Re: Service watchdog

From: Laurent Bercot <ska-supervision_at_skarnet.org>
Date: Tue, 19 Oct 2021 09:47:09 +0000

>Yes, in my usecase this would be used at the place where sd_notify()
>is used if the service runs under systemd. Then periodically executed
>watchdog could check the service makes progress and react if it
>doesn't.
>
>The question is how to implement the watchdog then - it could be either
>a global service or another executable in service directory, which
>would be started periodically by runsv.

  If a single notification step is enough for you, i.e. the service
goes from a "preparing" state to a "ready" state and remains ready
until the process dies, then what you want is implemented in the s6
process supervisor: https://skarnet.org/software/s6/notifywhenup.html

  Then you can synchronously wait for service readiness
(s6-svwait $service) or, if you have a watchdog service, periodically
poll for readiness (s6-svstat -r $service).

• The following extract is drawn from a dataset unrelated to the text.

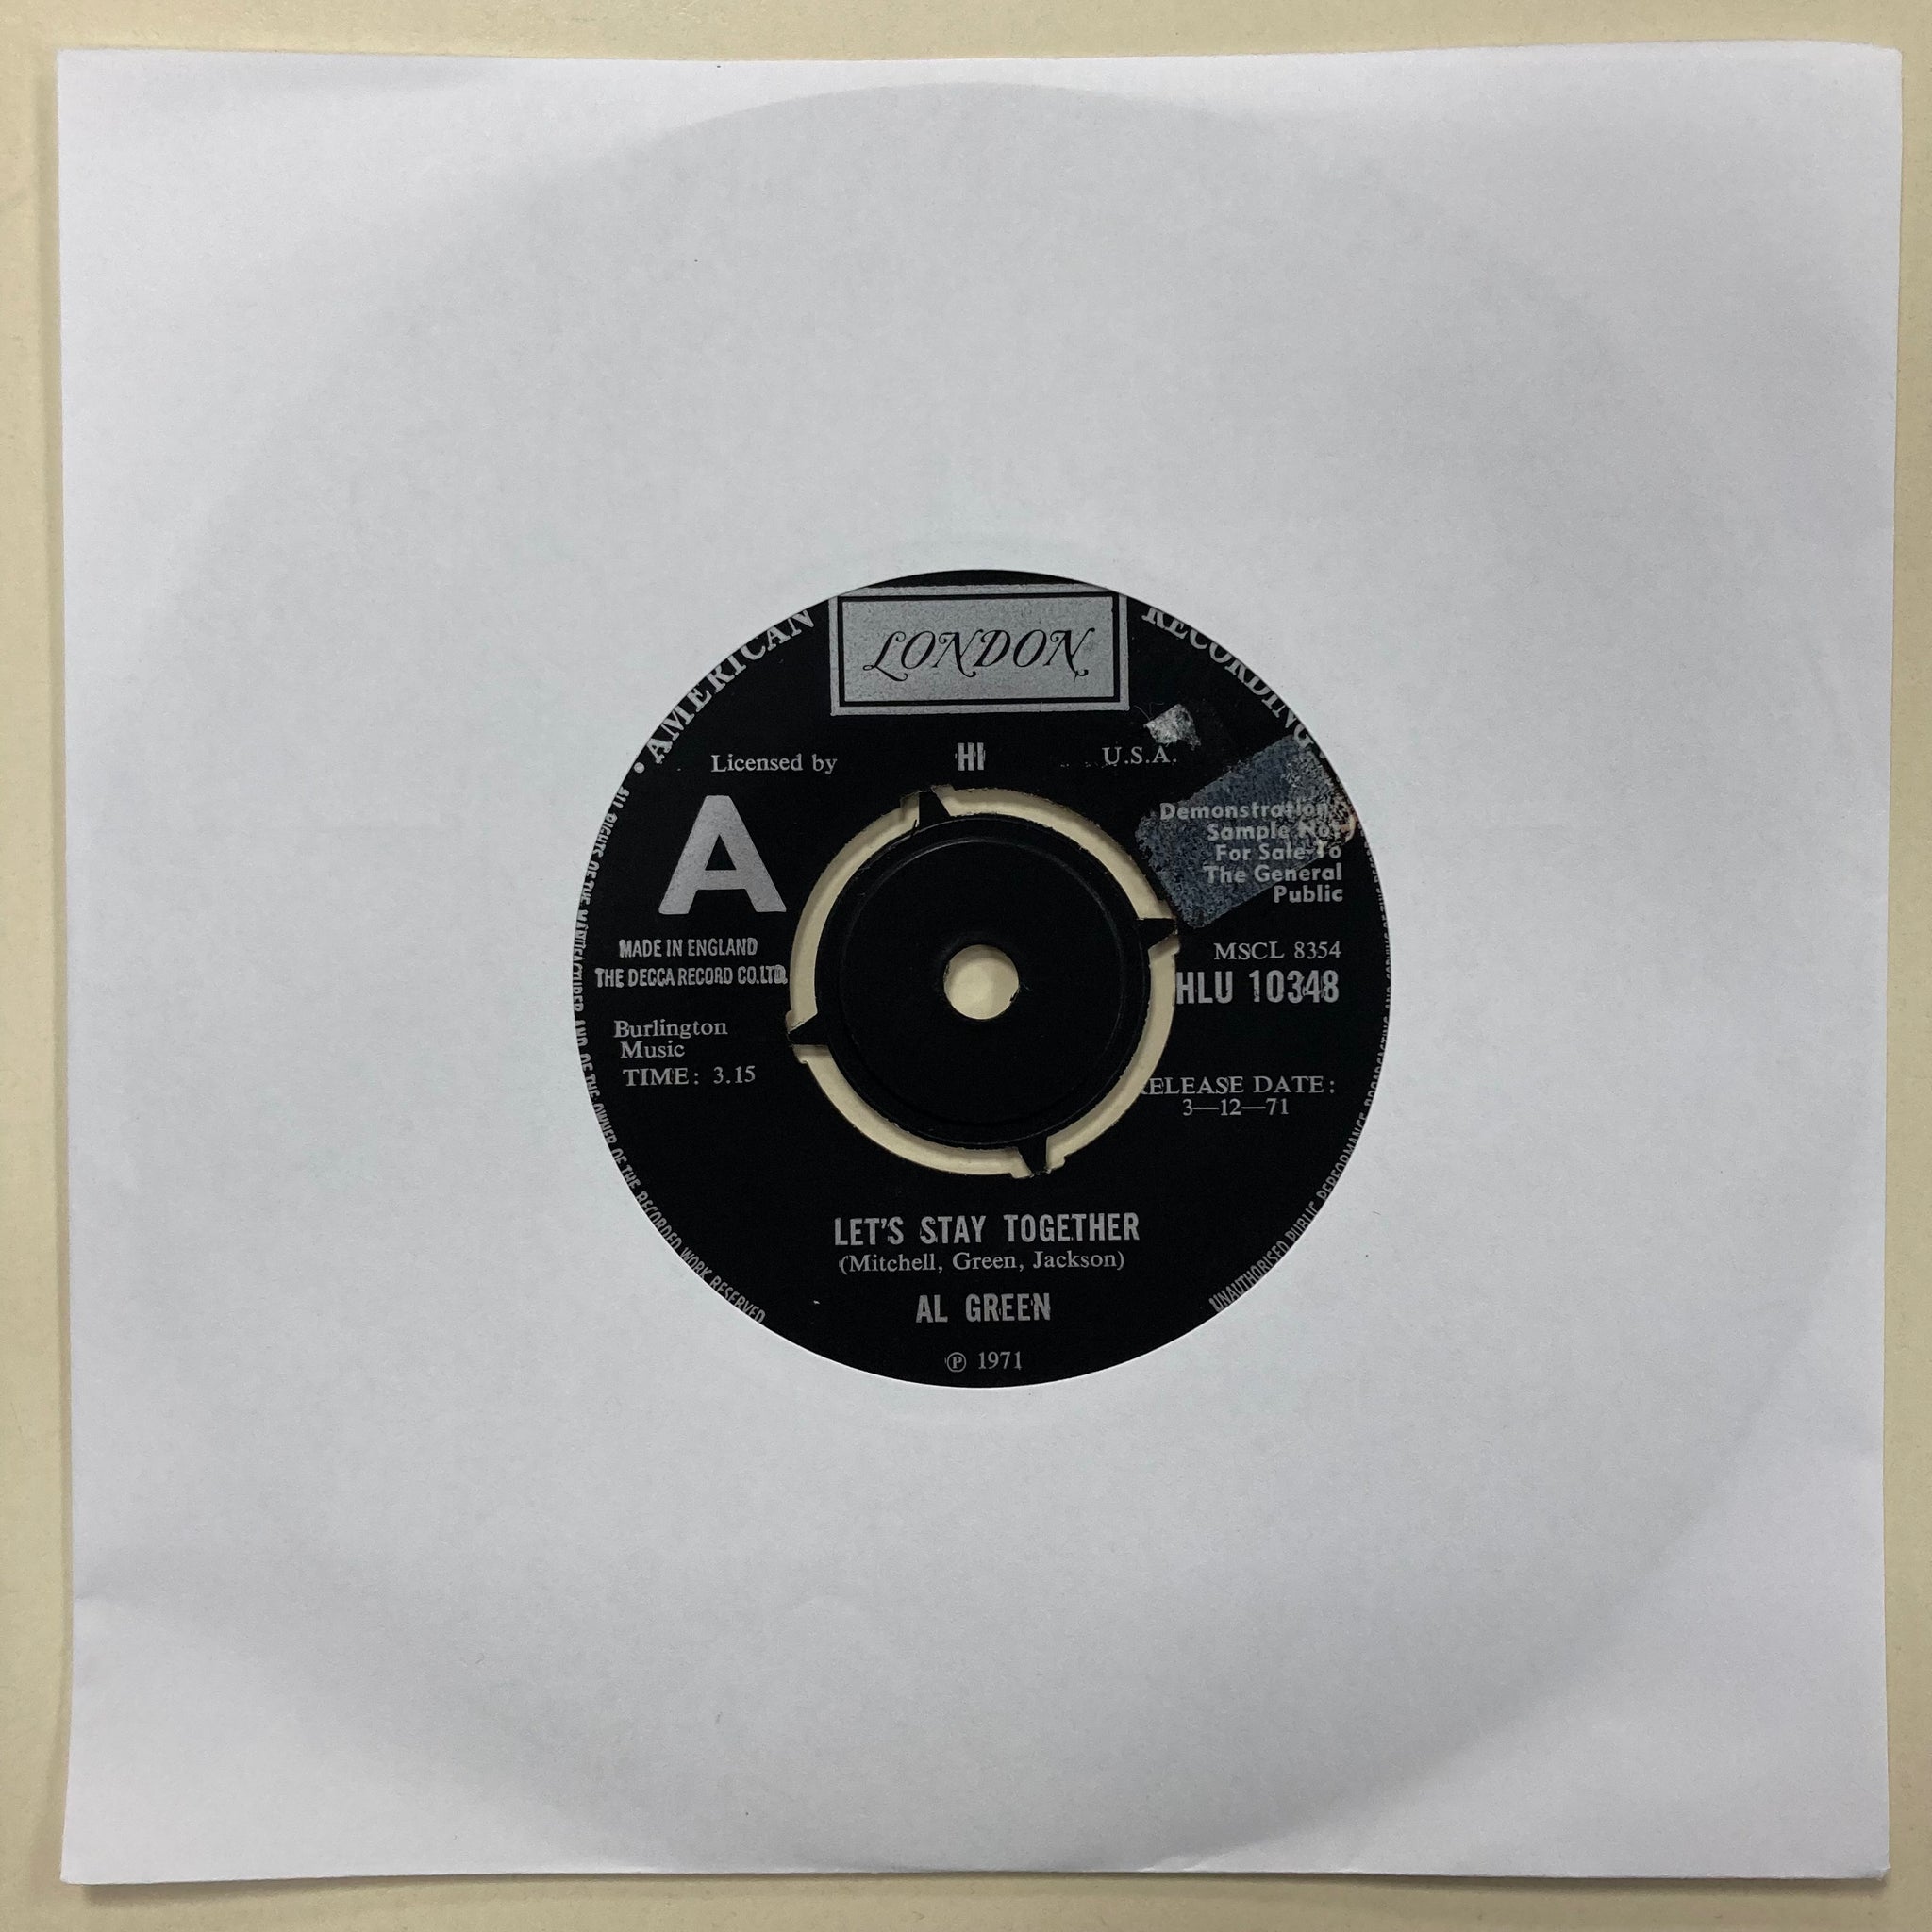 Al Green - Let's Stay Together - ORIGINAL PROMO ISSUE 7" SINGLE

  But that's only valid if your service can only change states once
(from "not ready" to "ready"). If you need anything more complex, s6
won't support it intrinsically.

  The reason why there isn't more advanced support for this in any
supervision suite (save systemd but even there it's pretty minimal)
is that service states other than "not ready yet" and "ready" are
very much service-dependent and it's impossible for a generic process
supervisor to support enough states for every possible existing service.
Daemons that need complex states usually come with their own
monitoring software that handles their specific states, with integrated
health checks etc.

  So my advice would be:
  - if what you need is just readiness notification, switch to s6.
It's very similar to runit and I think you'll find it has other
benefits as well. The drawback, obviously, is that it's not in busybox
and the required effort to switch may not be worth it.
  - if you need anything more complex, you can stick to runit, but you
will kinda need to write your own monitor for your daemon, because
that's what everyone does.

  Depending on the details of the monitoring you need, the monitoring
software can be implemented as another service (e.g. to receive
heartbeats from your daemon), or as a polling client (e.g. to do
periodic health checks). Both approaches are valid.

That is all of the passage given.